ACCEPTANCE MONTH: DAY 7: “Set the standard! Stop expecting others to show you love, acceptance, commitment, & respect when you don’t even show that to yourself.” ― Steve Maraboli
When I feel insecure, the rest of the world is going to believe it too. I have had this experience in many ways.
My insecurity looks too much like false bravado. I become too confident, too self-assured, too arrogant to mask my fear of you knowing how insecure I feel. These are not qualities that tend toward people gravitating toward me; in fact, they do the opposite.
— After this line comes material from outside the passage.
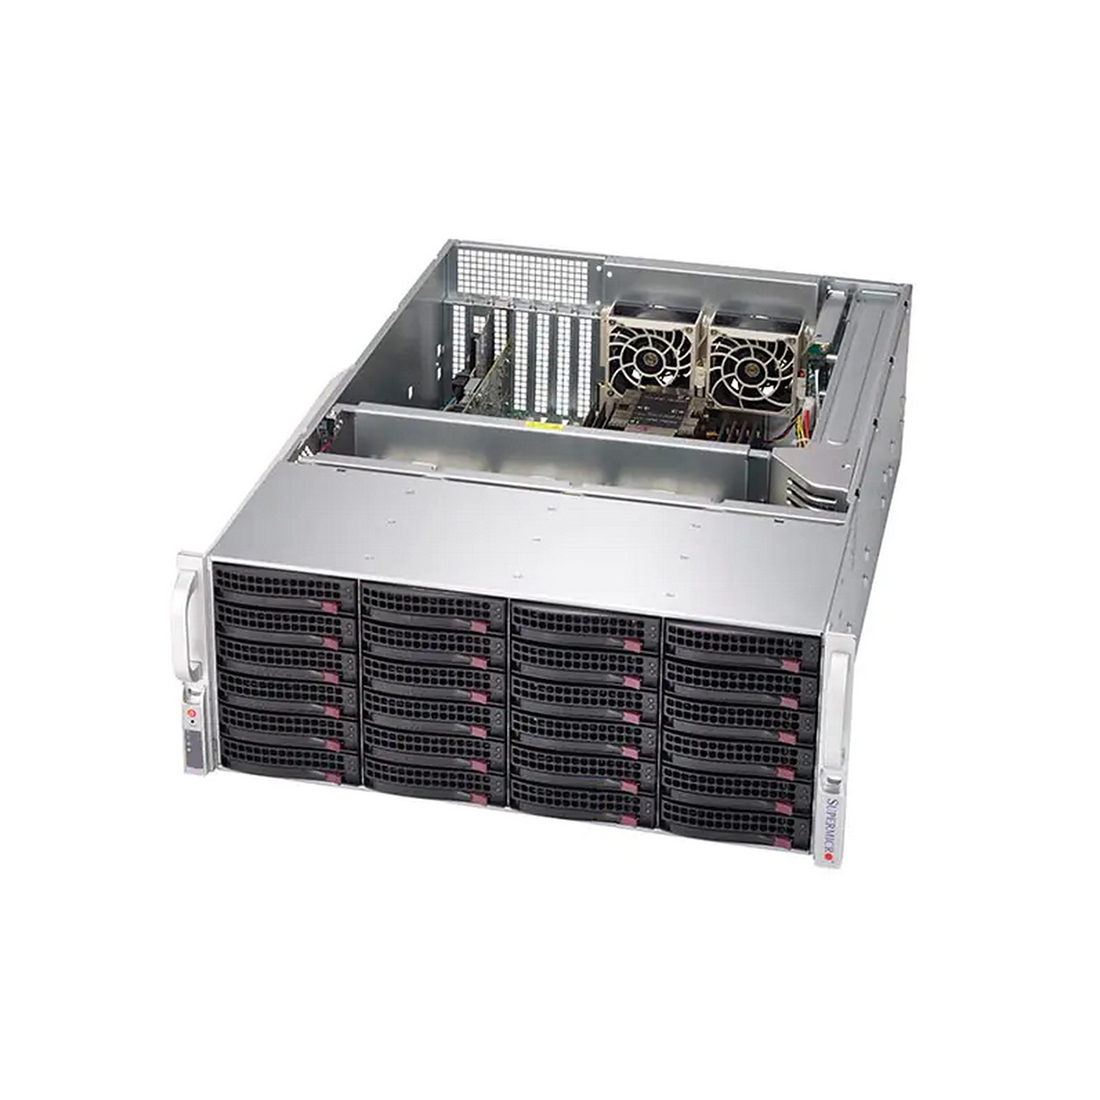 Серверная платформа, SUPERMICRO, SSG-6049P-E1CR24H, 4U, 2x3647, 16xDDR4, 24x3.5" SAS expander, 1200W

Truly unlikeable attitudes and behaviors often mask others’ insecurity. I really work to remember this when in the presence of those who are acting in these ways. I most often can recognize it. When I am off-balance, I know that I come back at them with the same ego-based behaviors and attitudes. That is uncomfortable and unprofitable.
The steps have given me a sense of self-worth and self-esteem that I did not have before. Why? Because I do not look around and compare myself with others any more. I do not need to be the smartest, although I know I am smart. Quite the contrary, I enjoy being with smart people and learning from them today. Big shift, because they do not threaten me any longer.
I don’t need to be the most well-read or the thinnest or the best-dressed or drive the prettiest/fastest car. See how those things have nothing to do with who I am?
That is the key. To be more comfortable in your own skin, quit looking at what goes on the outside of the skin and look at what is INSIDE the skin. Look at what the stuff INSIDE the skin is doing and how it is walking through the world.
NOT to be better than others, but to find out who that person is. When you are spending quality time with THAT person, you will begin to love that person deeply and to admire them for their unique way of being in the world.
First, you must accept that NOTHING on the OUTSIDE of the skin is about YOU. Nothing! Ugh! That means I must sit still and learn about me. Duh! The steps take us into self, not out of self. We cannot do anything for anyone until we have done it within us.
I have nothing to offer anyone until I know who I am and what I am doing with myself. I must have a strong sense of identity to share that with others.
Too often we look for outside parameters to define us. It never (NEVER!) works. And we do not understand why we are so unhappy and cannot find a sense of self. Steps take us on that journey. We get rid of ego- self to uncover heart-self or soul-self. This IS the spiritual path of all 12 steps. We do NOT even begin to practice giving that away until we get to the real, authentic self we tried to kill with ego and all the other addictions.
Write down everything you believe you need to thrive. Then recognize the beauty and importance of how those needs will be met by YOU. Learn to love yourself by treating yourself as a friend. When we meditate, it is not to empty the brain; but to see the lies and BS the brain comes up with. When we can sit with that, we are being friendly to ourselves. Keep doing this so you know what the BS is and can stop listening to it and acting on it.
People think accepting ourselves has something to do with a story. Let go of the story and just BE with the INSIDE stuff. It is an amazing journey most people never get to take…welcome home!